3. Take care of your feet. Your feet might not take you back out to safety if they are covered in blisters. Stop to air out your feet a few time daily. Condition them beforehand. Bring a spare pair of socks to change into in case your feet get wet or too sweaty. Cover “hot spots” on your feet with moleskin before they become blisters. Stop to shake stones and sticks out of your shoes or hiking boots.

4. Carry matches and practice making a fire. Try making a fire and lighting it with one match. Try it in near home when it is raining, and try it in the snow too. A fire really can save your life. People rarely die from starvation in the wilderness, but they commonly die from exposure. Learn how to keep yourself warm and dry when hiking and backpacking, and always carry matches and a lighter.

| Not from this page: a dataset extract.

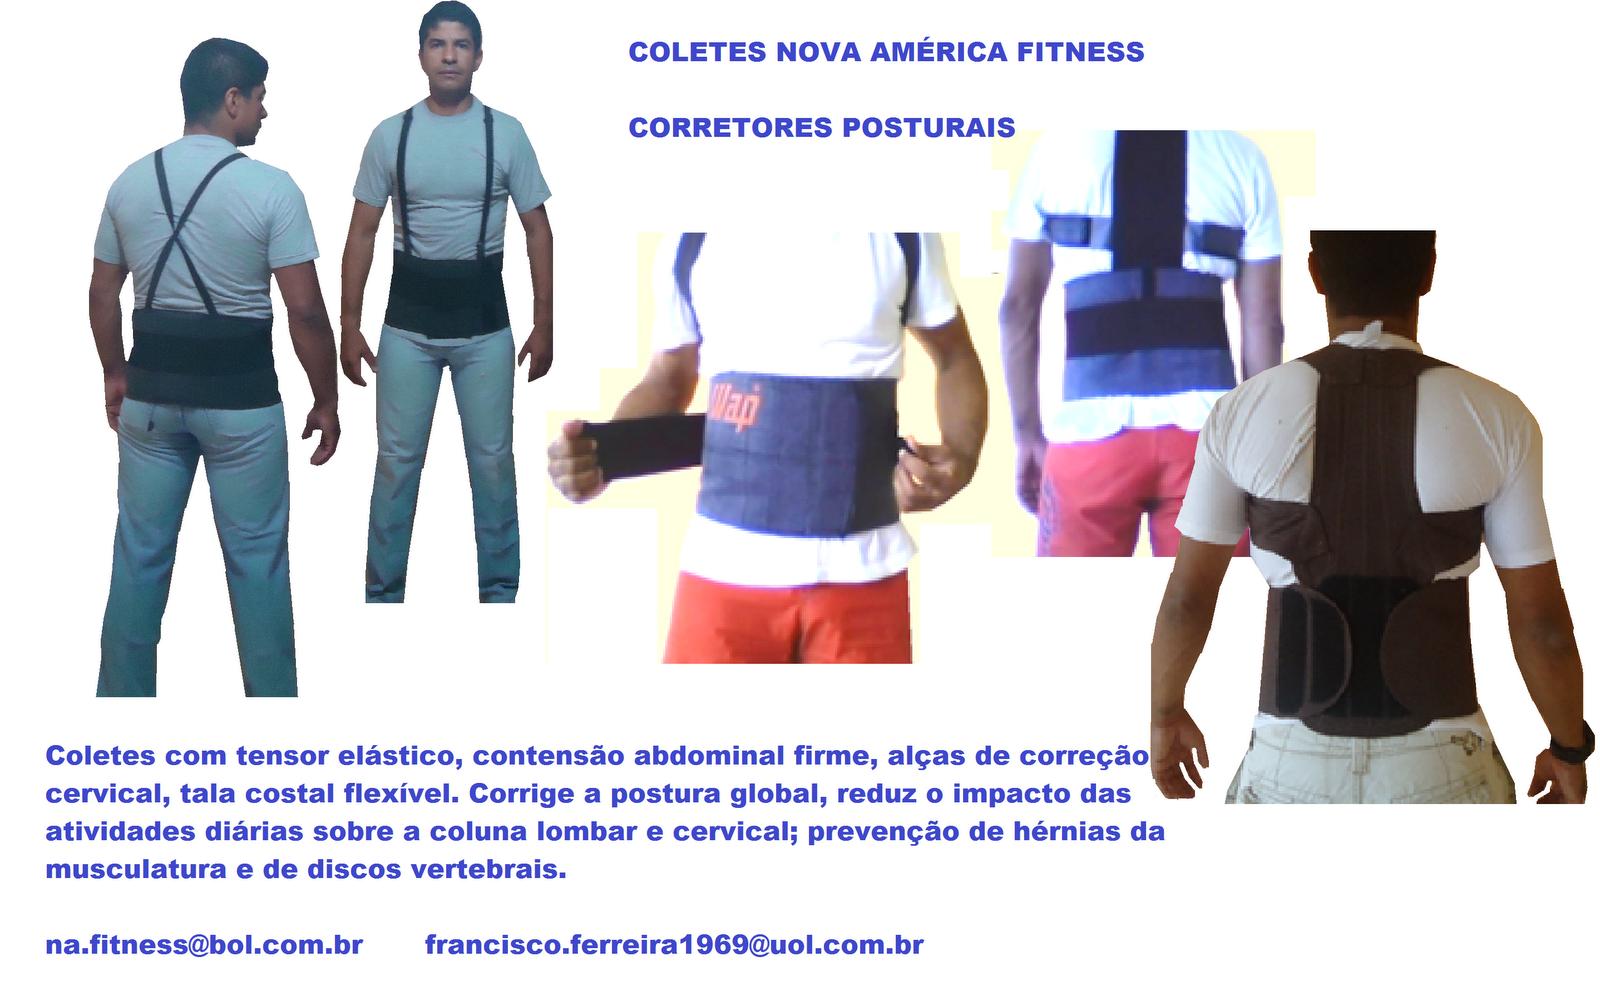 Nova America Fitness
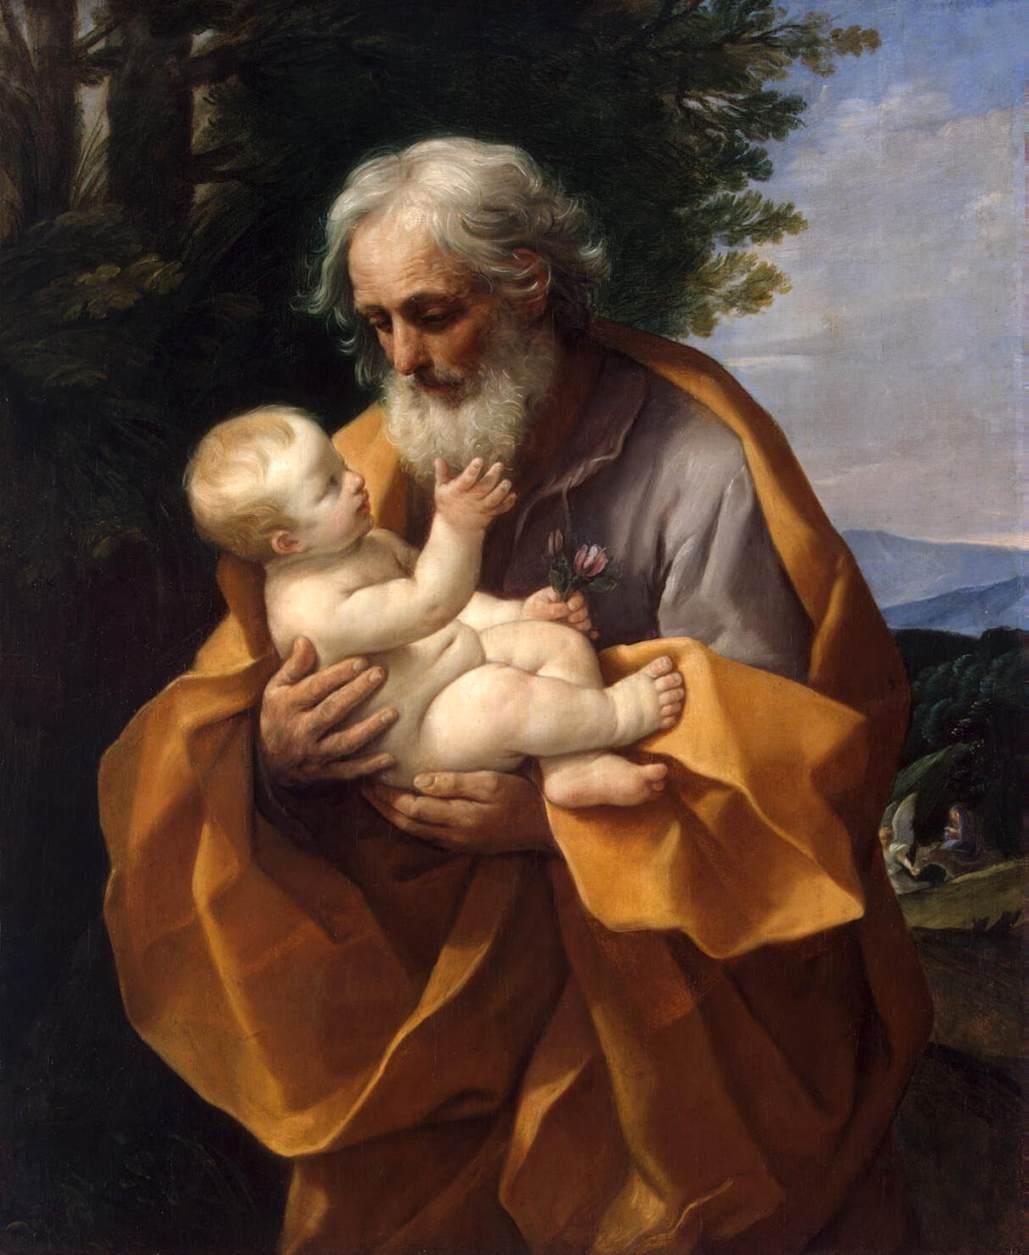 Ngày 19/03: Thánh Giuse

5. Let people know where you are. How can anyone come to the rescue if nobody knows where you are? Leave an itinerary behind with someone you trust. Should you carry a cell phone? I don’t care for them myself, but they do save lives all the time. You might want to take it and just leave the ringer off until you need it. Just be sure to charge the battery before you go.

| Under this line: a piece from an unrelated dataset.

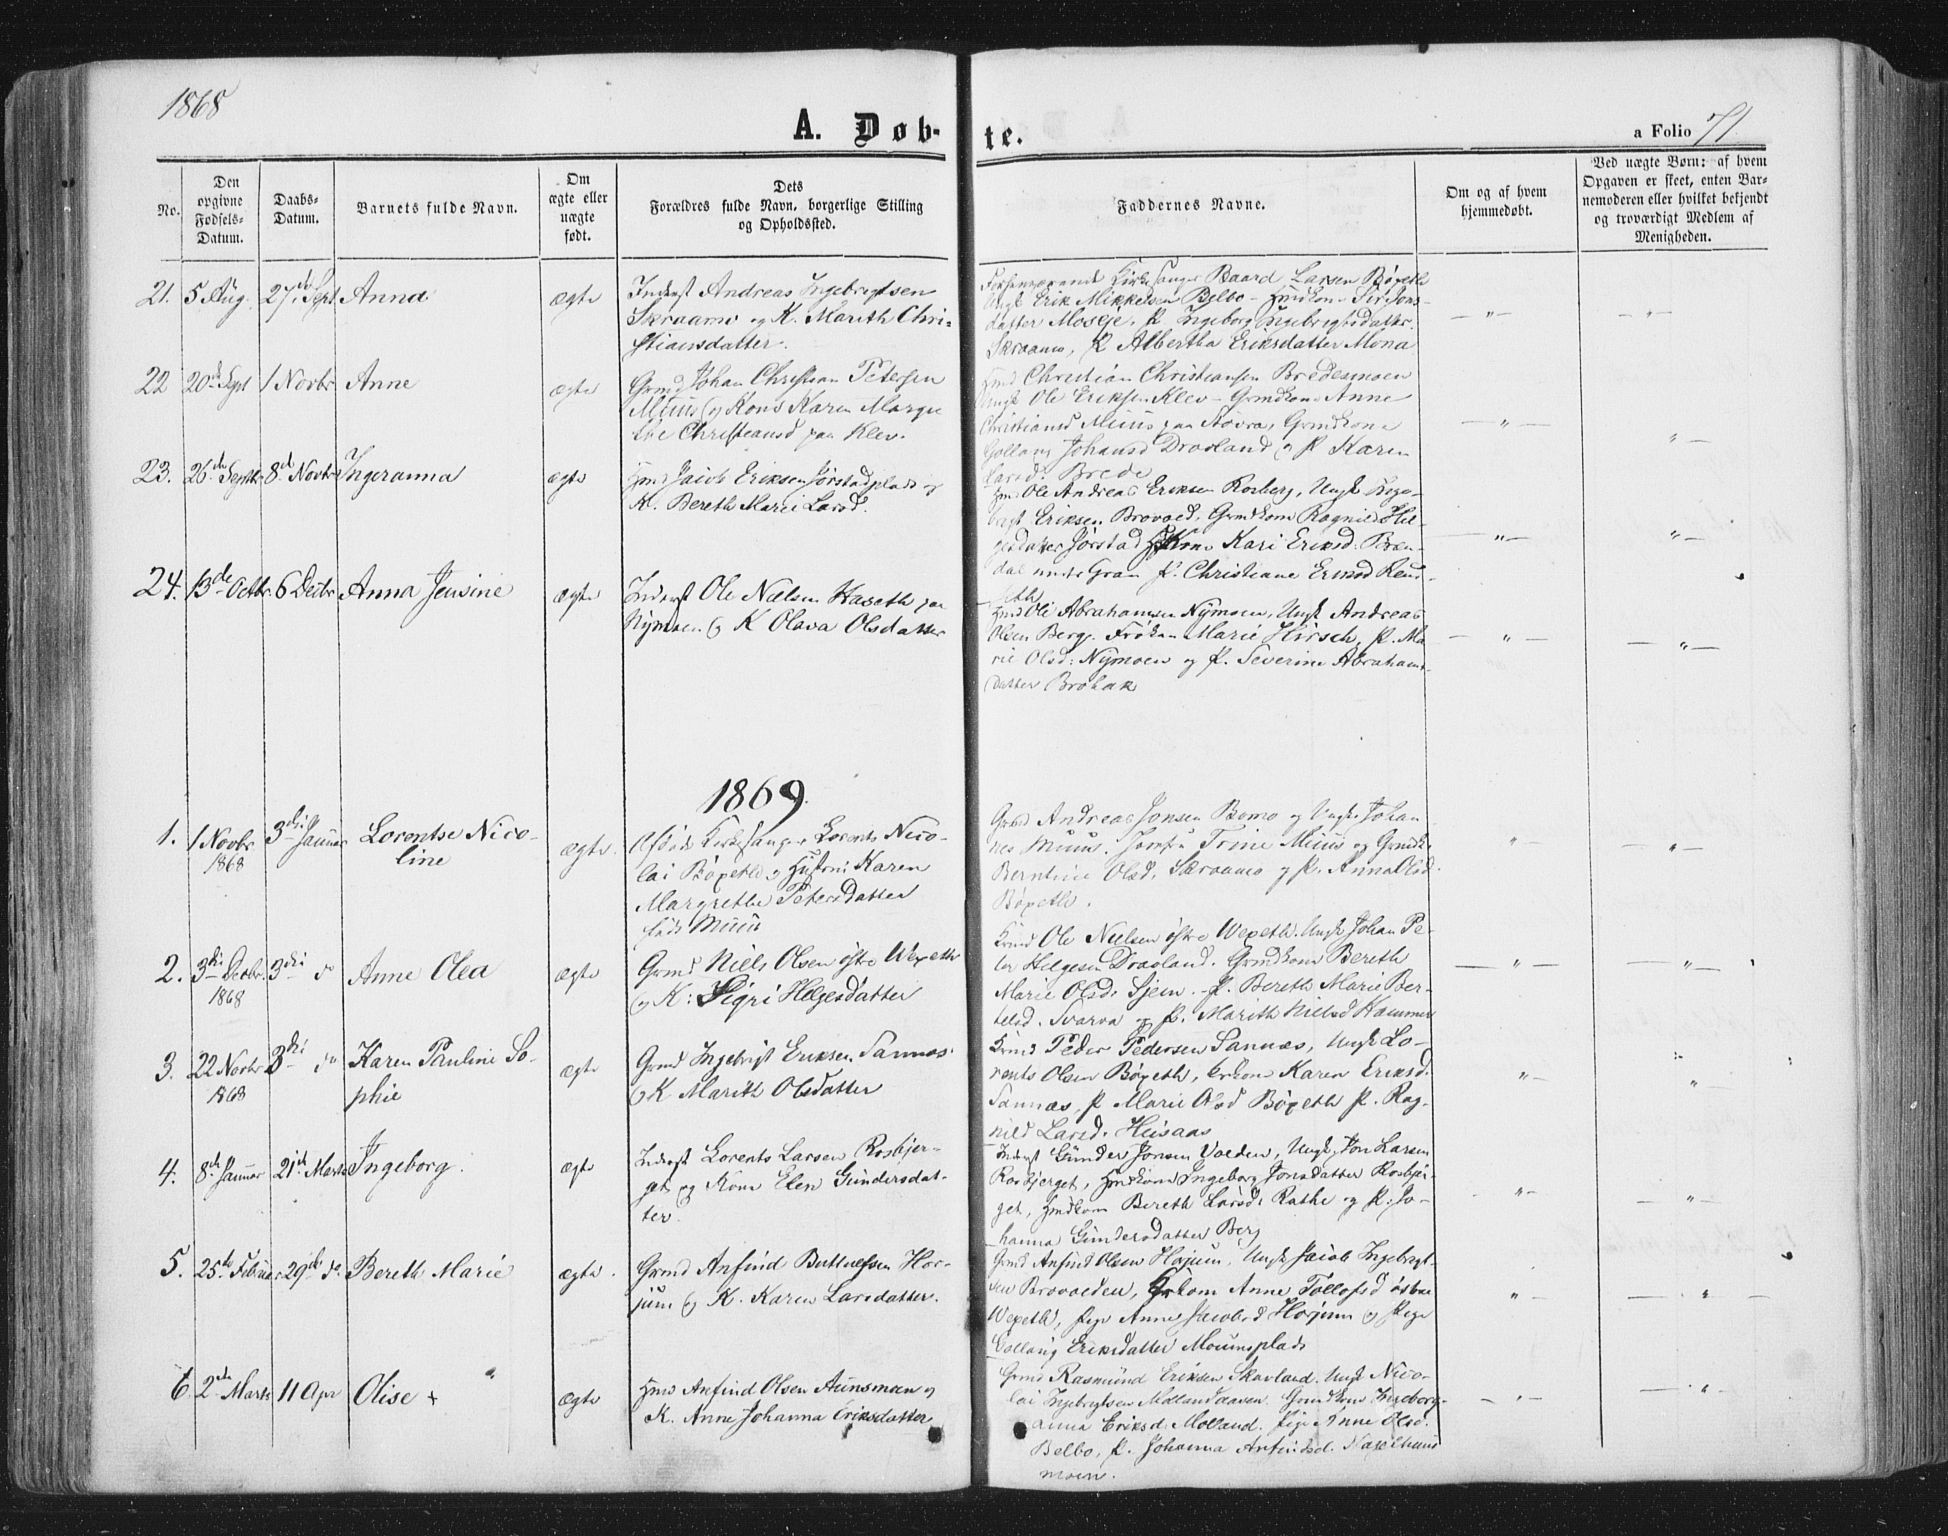 SAT, Ministerialprotokoller, klokkerbøker og fødselsregistre - Nord-Trøndelag, 749/L0472: Ministerialbok nr. 749A06, 1857-1873, s. 71

6. Learn a few survival skills. Basic survival skills make hiking and backpacking safer as well as more interesting. Just remembering that sleeping under a pile of dry grass or leaves can keep you warm could save your life someday. Knowledge of a few wild edible plants can feed you when you lose your food, and make a trip more interesting in any case.

People new to the wilderness, but also experienced outdoorsmen have paid the ultimate price when they forgot or refused to take a few basic precautions. It helps to read hiking and backpacking tips like these, but apply them too.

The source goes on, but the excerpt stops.